Publié le: 5 mai 2017

«Valeur estimée: entre 300 à 500 millions»

urs gasche – Le conseiller national (PBD/BE), président du Conseil d’administration de BKW SA, s’exprime ici sur les mesures 
de soutien au secteur hydroélectrique et le rôle que l’Etat doit jouer sur les questions liées à l’approvisionnement énergétique.

Journal des arts et métiers: 
Que propose la Commission de 
l’énergie du Conseil national pour soutenir le secteur hydroélectrique?

n Urs Gasche: Si seulement je le savais précisément! Ce que je sais, je le dois aux journaux! Nous avons ainsi vu cette proposition de la part de six entreprises d’approvisionnement en électricité, qui souhaitaient que les PME et les ménages en particulier paient un surcoût pour l’approvisionnement de base. Avec cette prime, 500 à 700 millions de francs par année seraient encaissés par les producteurs souffrant du bas niveau des prix. Cette proposition a apparemment été rejetée et une autre voie recherchée pour soutenir les entreprises hydroélectriques existantes.

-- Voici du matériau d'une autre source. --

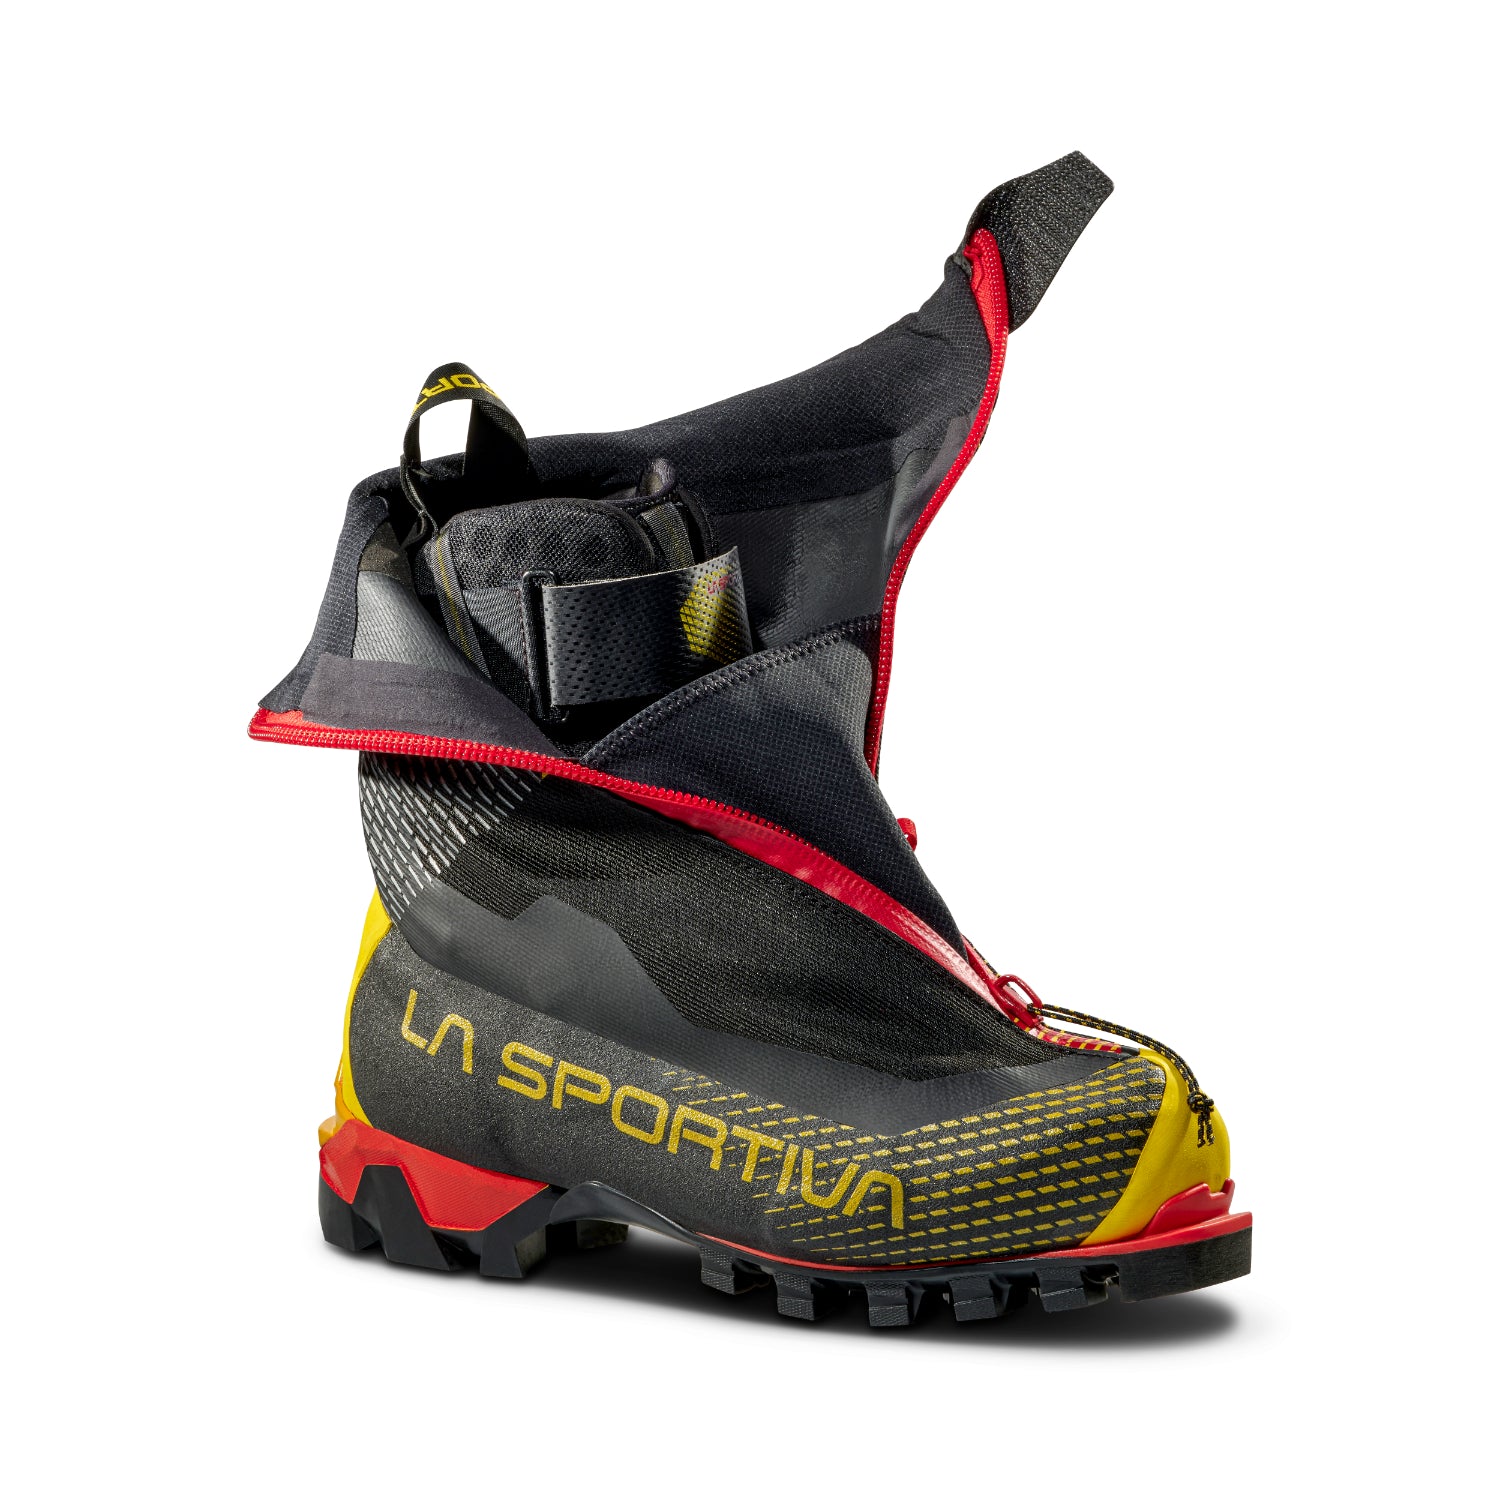 La Sportiva G-Tech Mountaineering Boot Review – Climb On Equipment

ENTREPRISE ÉLECTRIQUE: «elle NE DOIT PAS 
NéCESSAIREMENT 
DISPOSER de sa PROPRE production!»

Selon ce nouveau modèle, le client au bénéfice de l’approvisionnement de base serait obligé de payer au prix de revient du courant issu de l’hydroélectrique. La mise en œuvre n’est pas encore claire, mais on peut valoriser ce que les privés et les PME devraient payer entre 300 et 500 millions de francs.

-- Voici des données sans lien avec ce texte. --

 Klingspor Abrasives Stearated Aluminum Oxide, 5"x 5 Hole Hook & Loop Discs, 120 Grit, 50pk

Ce faisant, les entreprises hydro­électriques bénéficient de trois sources de subventions: la rente de monopole du service universel, la rétribution à prix coûtant (RPC) et maintenant cette prime. Comment jugez-vous ce nouveau privilège?

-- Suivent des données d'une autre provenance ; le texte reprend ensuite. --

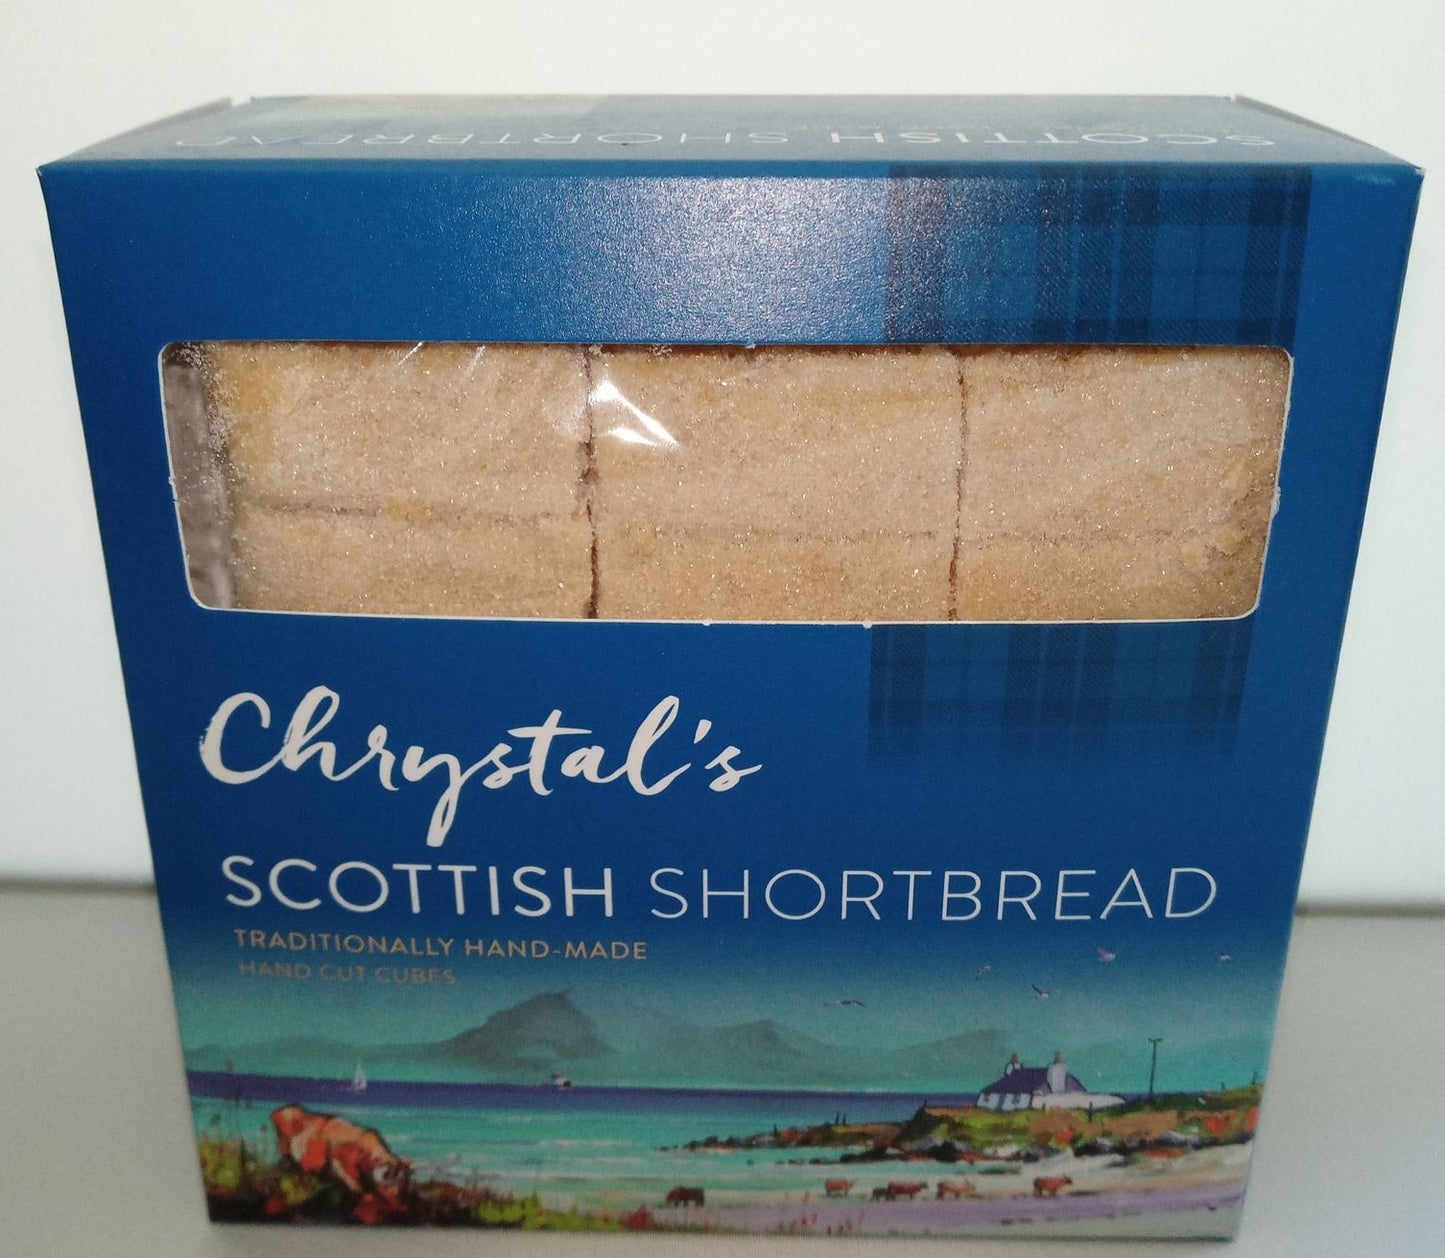 Chrystal's Scottish shortbread

n Je n’irais pas aussi loin. Le terme de «rente de monopole» ne me semble pas adéquat. Il y a eu la volonté politique dans notre pays de faire en sorte que les clients de détail puissent acheter à des prix réglementés, qu’ils soient du même coup protégés du marché. Les producteurs sans clients dans l’approvisionnement de base ont pu profiter des prix élevés du marché, les autres non. Maintenant, la situation a changé. Les ventes sur le marché sont moins profitables car les prix sont très bas.

Quant à la rétribution, elle n’est pas une subvention pour des installations existantes, mais bien plutôt une incitation pour la construction de petites installations hydroélectriques. Cela dit, la grande hydroélectrique peut – si la Stratégie énergétique est adoptée – bénéficier d’une prime de marché pour les installations existantes non rentables et compter sur l’importante aide à l’investissement. Ce dernier point est à mon avis le seul qui fasse sens, car il ne s’agit que d’une incitation à investir efficacement dans le maintien et l’expansion de l’hydro­électrique.

Est-il encore possible aujourd’hui d’être «simplement» une entreprise électrique ou la dépendance à l’égard des subventions est-elle nécessaire?

n On peut être de nos jours une bonne entreprise électrique (EE) sans être producteur de courant. De nombreuses EE de notre pays achètent du courant en bourse et le vendent en réalisant un profit.

Que peut donc faire la politique pour aider le secteur hydroélectrique dans le respect des règles 
du marché?

n La question est mal posée. Ceci parce que nous mélangeons deux choses. Premièrement, l’Etat doit-il soutenir les EE qui se trouvent en difficulté financière? En second, voulons-nous sécuriser une certaine quantité de courant électrique produite dans le pays? Je pense que cela fait sens au plan économique de soutenir les EE qui ont des problèmes financiers. Cela à condition que celui qui participe, cela pourrait être la Confédération, puisse en tirer parti également lorsque les choses s’améliorent. Quant à l’assurance donnée par le législateur sur la production propre, elle fait sens aussi. Cela peut se faire au sens de l’économie de marché, en préparant cette production. Tout cela serait décrit dans une offre publique et remboursé, de manière analogue au secteur des assurance.

Pourquoi diaboliser les importations de courant? La Suisse importe bel et bien des denrées alimentaires, des automobiles, et ne s’en porte pas plus mal?

n Vous avez raison. Je ne crois pas non plus que l’on devrait diaboliser les importations de courant. La question, toutefois, consiste à savoir si nous voulons prendre le risque de nous retrouver sans courant au cas où la quantité importée ne suffirait pas. Comme par exemple si la France arrêtait quelques centrales nucléaires ou si l’Allemagne redécouvrait soudainement toute la problématique sur le CO2 et par voie de conséquence supprimait un certain nombre de centrales à charbon.